The data can be supplied in either of the following formats:
|Means||A variate containing means for each probe. These are normally the estimates of differential expression for the effect or a contrast from the trial.|
|t-values||A variate containing the t-values for each probe, i.e. an effect or contrast divided by its standard error.|
|Pointer||A pointer to the columns of data, one variate per slide, with the probes in the same position within each variate. The means and standard deviations will be calculated from the raw data.|
Specifies the data for the analysis. The label displayed and required data structure type for this option depends on the current selection in the Data type list.
The standard deviations for each probe when the data are supplied as means or t-values.
Degrees of freedom
The degrees of freedom when the data are supplied as means or t-values.
Lets you save results from the analysis. Type the names for the identifiers of the data structures into the corresponding fields.
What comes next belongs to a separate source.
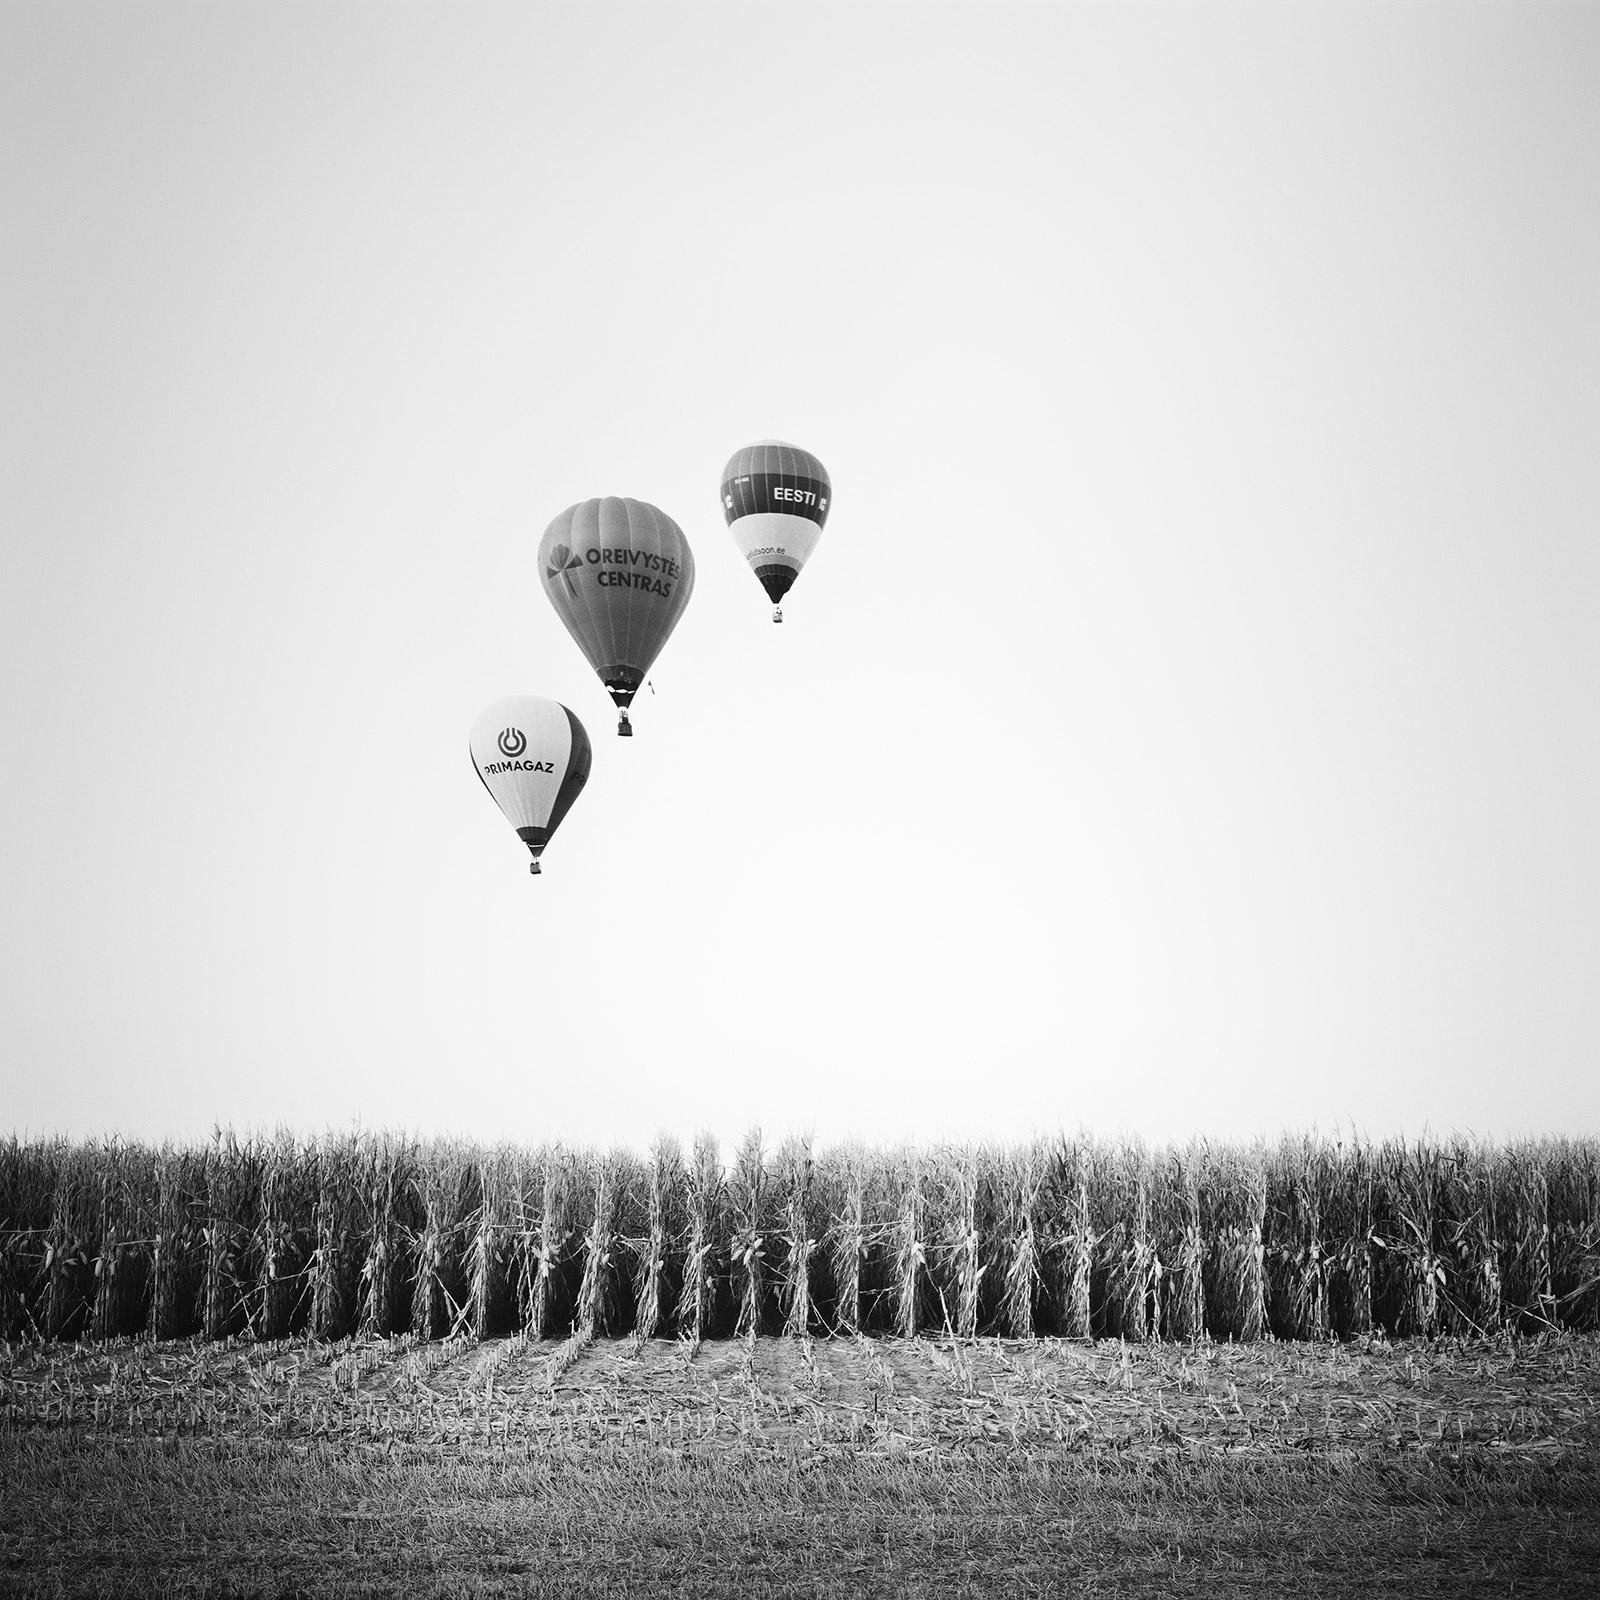 Black and White Photograph Gerald Berghammer - Tournoi des ballons d'aviation, Autriche, photographie d'art de paysage en noir et blanc

|Modified t-values||Variate||The adjusted t -values, using the modified standard deviations calculated as below|
|Modified SDs||Variate||The modified standard deviations for each probe as specified in equation 2. Note that the values for d0 and s0 can be displayed in the Output window, if the options to display these are selected.|
|Modified probabilities||Variate||The modified probabilities of the t-values being significantly different from zero when the true mean is 0. This is a two sided probability, for example using the Genstat command language,
CALC Mod_Pr = 2*CLT(ABS(T);D0+DG)
Display in spreadsheet
When selected, the saved results will also be displayed within spreadsheet windows. If a spreadsheet containing the Probability variate is currently open within Genstat, the saved results will be added to this spreadsheet.
|Run||Run the analysis.|
|Cancel||Close the dialog without further changes.|
|Options||Opens a dialog where additional options and settings can be specified for the analysis.|
|Defaults||Reset options to their default settings. Clicking the right mouse on this button produces a shortcut menu where you can choose to set the options using the currently stored defaults or the Genstat default settings.|
|Pin||Controls whether to keep the dialog open when you click Run. When the pin is up the dialog will remain open, otherwise when the pin is down the dialog will close.|
|Restore||Restore names into edit fields and default settings.|
|Graphics Output||Controls how graphs are to be drawn. You can either draw the graph in the Graphics View or save direct to files (JPEG, TIFF, EPS, EMF, GMF, BMP or PNG).|
|Clear||Clear all fields and list boxes.|
|Help||Open the Help topic for this dialog.|
The following image shows the estimation of the modified t-values and probabilities for the differential expression in a knock out mouse experiment (Estimates13-6-9.gsh). The dialog to do this analysis is shown below:
The options controlling the output and plots is:
This produces the output:
Empirical Bayes estimation of modified t-values
Data CTVal(variate of t-values) Number of tests 3519 Mean standard deviation 0.2437 Median standard deviation 0.2082 Median degrees of freedom 3.000 Prior standard deviation 0.2122 Prior degrees of freedom 3.995
This produces the plot of the modified p-values vs the raw p-values:
and the plot of the modified versus the raw t-values which shows a very strong linear relationship between the two as the degrees of freedom only range between 11 and 14.